Workers service the tracks at the Metra/BNSF railroad yard outside of downtown, in Chicago, Illinois, U.S., September 13, 2022. /CFP
Workers service the tracks at the Metra/BNSF railroad yard outside of downtown, in Chicago, Illinois, U.S., September 13, 2022. /CFP

Workers service the tracks at the Metra/BNSF railroad yard outside of downtown, in Chicago, Illinois, U.S., September 13, 2022. /CFP

Due to the way laws are structured in the United States, only a handful of rail companies privately own the nation's freight lines. These companies also enjoy unprecedented exemptions from anti-monopoly laws, which has been demonstrated through the arbitrary fees they charge for freight that is not connected to any market activity, and workers have significantly less leverage than most any other industry thanks to the 1926 Railway Labor Act, which in practice essentially forbids workers from striking in most cases. Congress has the legal authority to intervene on behalf of employers to prevent a strike.

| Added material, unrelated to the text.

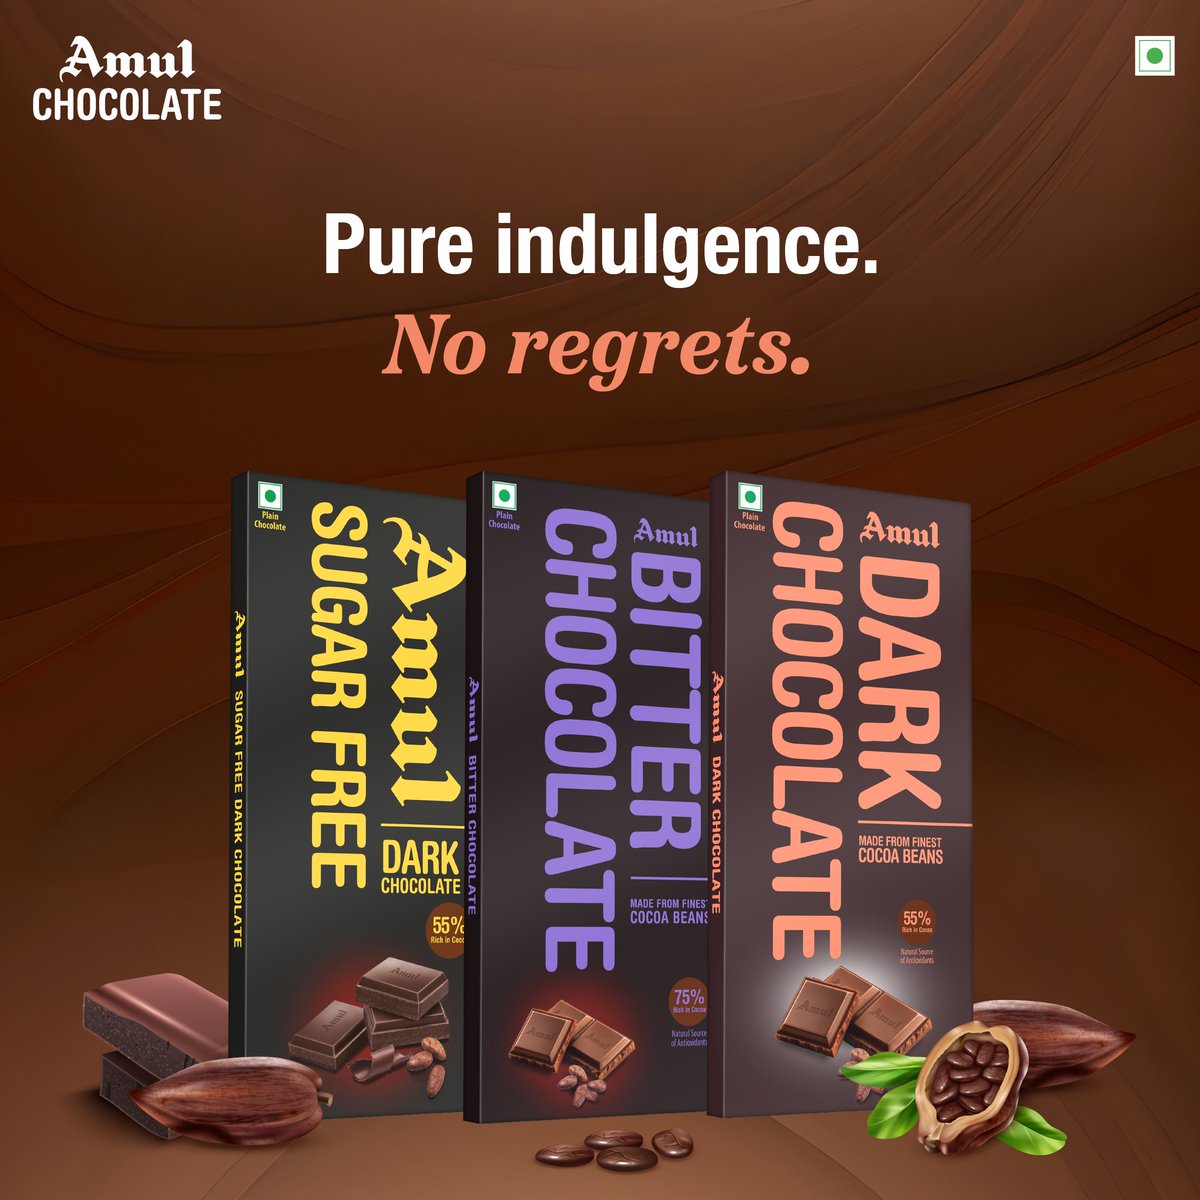 Indulge in the goodness of Amul Dark Chocolate Range! #Amul #DarkChocolate #HealthyTreat #sugarfree
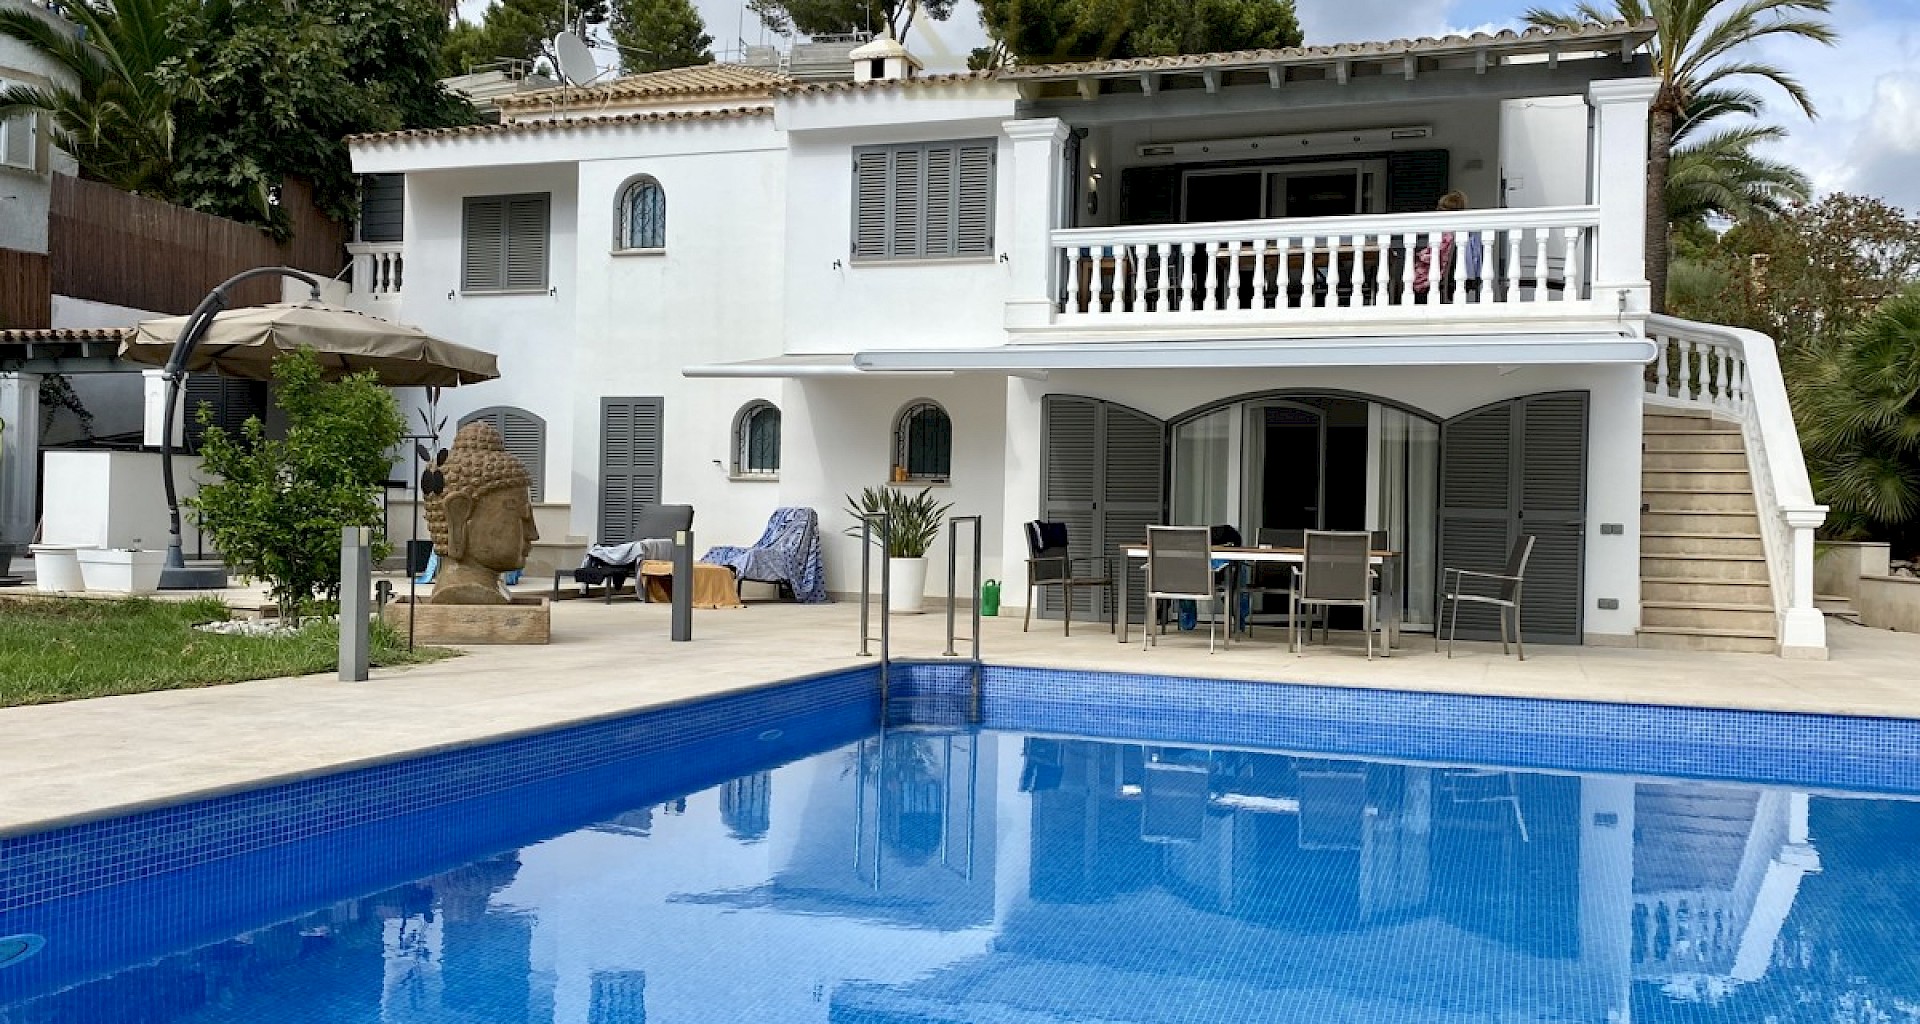 KROHN & LUEDEMANN Beautiful Villa in Costa de la Calma on a flat plot with garden and big pool in Southwest Mallorca

And that is exactly what happened. The House and Senate both passed their versions of a bill, again, on December 1 that will prevent a national rail strike – but it did not include any provision for paid sick leave. President Joe Biden signed the bill to prevent a rail strike – and the attendant collapse of the country's supply chain – ahead of the holiday season on December 2. In effect, rail workers will have a contract that the unions didn't vote to support and the American public broadly does not support to be imposed on them.

The way this situation played out demonstrates in no uncertain terms how the United States is a functional plutocracy, e.g., a government run by and for the wealthy. Rail workers demanded a provision that most other comparable Organization for Economic Co-operation and Development countries enjoy to an even greater extent and would have cost their employers a tiny percentage of their record-setting revenue, namely just seven days of paid sick leave (in the context of a once-in-a-century pandemic) and not being forced to work 14+ hours per day alone. 

Instead, despite the fact that all the major unions were in favor of this, that the American public supported it and that both chambers of Congress voted for it in a majority, they were left empty-handed and will be forced to work regardless of their legitimate disagreements. It goes to show that the U.S. is not a legitimate democracy that reflects the will of the people.